# Sword Fish



## BBreeze (Aug 26, 2009)

We finally got a chance to do our first trip that was dedicated to sword fish. We fished a little south east of the elbow in a area that was marking huge schools of bait, but had no current and we had no luck. So at 11:30 we decided to move about 12 mile south west. In a area that was a little shallower, but had more structure. This area also was marking good bait and had a little more current. While deploying the second bait the line went slack, so I engaged and reeled the slack as fast as I could to nothing. As soon as I quit reeling I get a little tap then another good tap. I reeled the bait about 30 cranks and stop to another tap and when I go to pull it away from him agin he inhales it. The fish comes strait to the boat and kinda fought like a huge shark, never running more than a couple hundred feet and when he would run it was just a steady pull of drag. After a hour of this with the drag set at 22lbs he finally just gives up and come strait to the boat. We get the fish in the boat and you would of thought we just won the supper bowl. 
By this time the wind it kicking pretty good, so we make the decision to pack it up and make the long WET ride home. 

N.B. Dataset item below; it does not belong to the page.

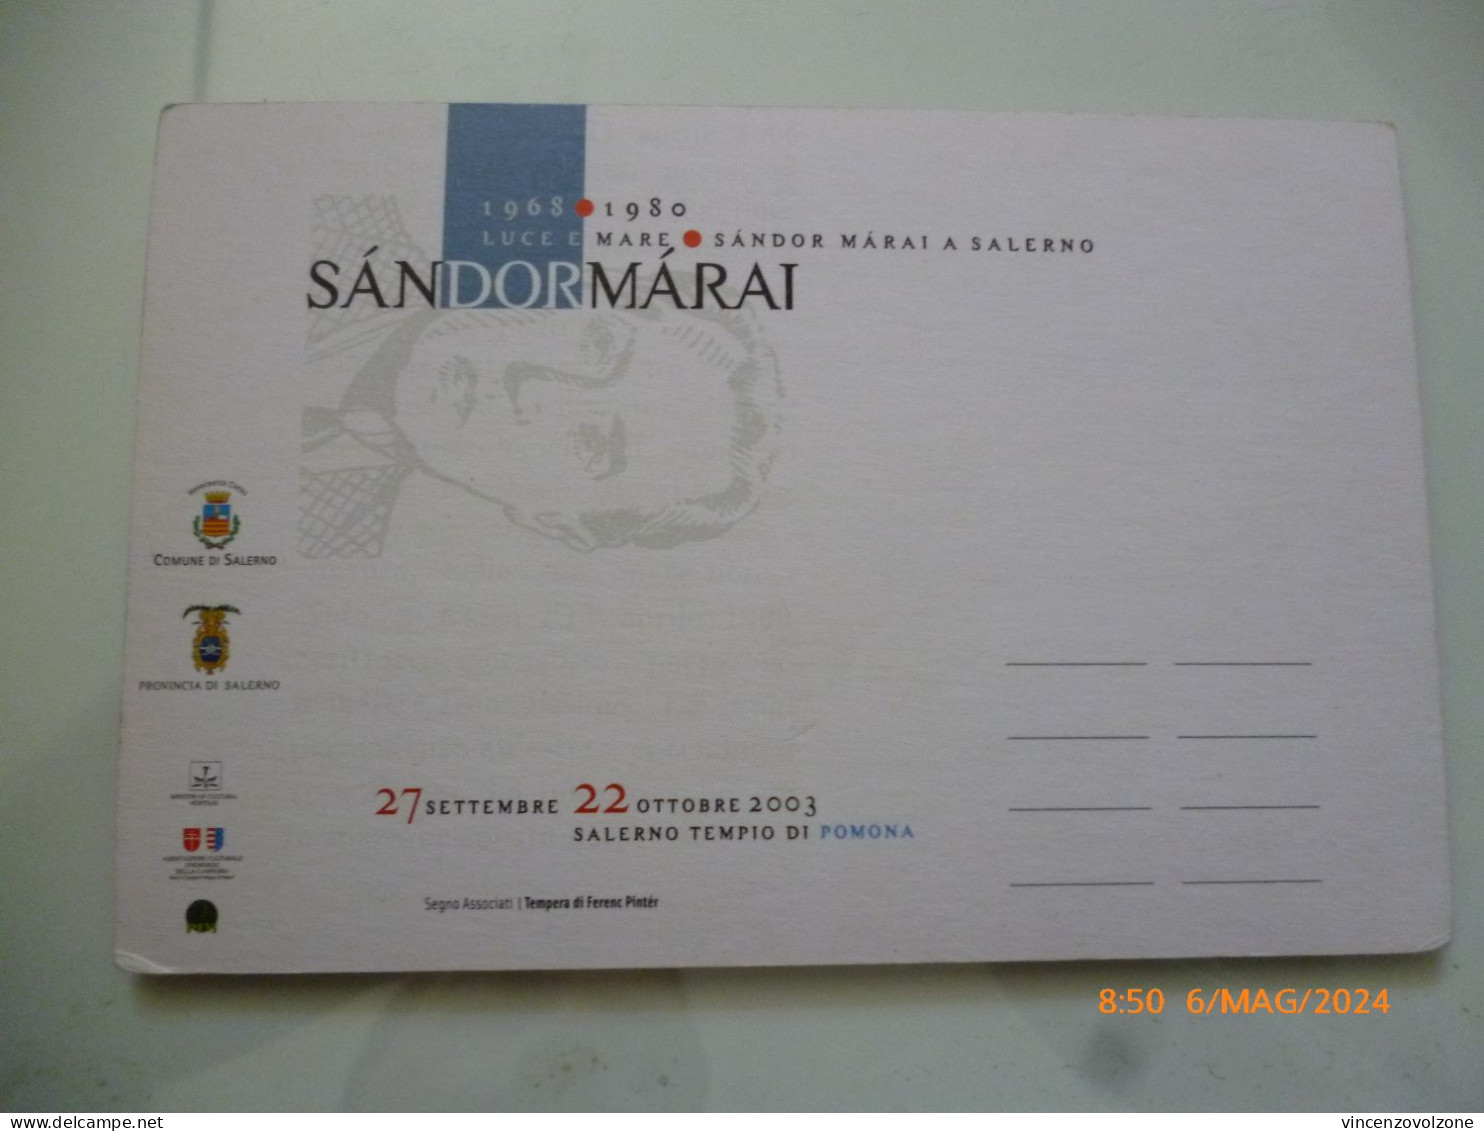 Cartolina "1968 - 1980 SANDORMARAI A SALERNO 2003" - Expositions

This was also the first trip since installing auto pilot and don't know how we fished with out it. 

Fish was caught on squid
11/0 mustad 7691
15' 300 lb mono leader
Tsunami multi color light


----------



## fairpoint (May 9, 2013)

You did win the super bowl of some fine eating fish....Congrats on the Sword....


----------



## samoajoe (Dec 28, 2010)

Great haul with a decent sword. What kind of rod/reel set up did you have?


----------



## Miss Tradewinds (Apr 27, 2012)

That's awesome, congrats! We fished in the Spur area Sunday night for swords with no luck. It's always reassuring to see another angler come out winning when we have lost hope in the game. Thanks for posting motivation!


----------



## D35 (Jun 29, 2011)

Congrats on that nice fish!!! :thumbsup::thumbsup:


----------



## wide spread (May 22, 2011)

Good job and nice fish.


----------



## BBreeze (Aug 26, 2009)

samojoe we caught this fish on a Tiagra 30wlrs with a 30 to 50 class star rod. The reel is loaded with 80lb power pro, 50lb mono top shot, and a 250lb wind-on leader.


----------



## samoajoe (Dec 28, 2010)

BBreeze said:


> samojoe we caught this fish on a Tiagra 30wlrs with a 30 to 50 class star rod. The reel is loaded with 80lb power pro, 50lb mono top shot, and a 250lb wind-on leader.


 
Excellent! My buddy and I will have a better plan of attack next time and target them directly, and not bump into one on a long drift like we did about a month ago.


----------



## cobe killer (Apr 13, 2008)

:thumbup: awesome job on a NICE sword!!!!!:thumbup:


----------



## DAWGONIT (Jan 16, 2009)

Great eats & pretty work; thanks for sharing report & pic.
Catch 'em up.


----------



## purple haze (Sep 2, 2013)

Nice sword just the right size to cut up into steaks.


----------



## CaptScoob38 (Jan 30, 2012)

Thats right around where I have been trying with no luck but you have given me hope to get out there and give it hell!!!


----------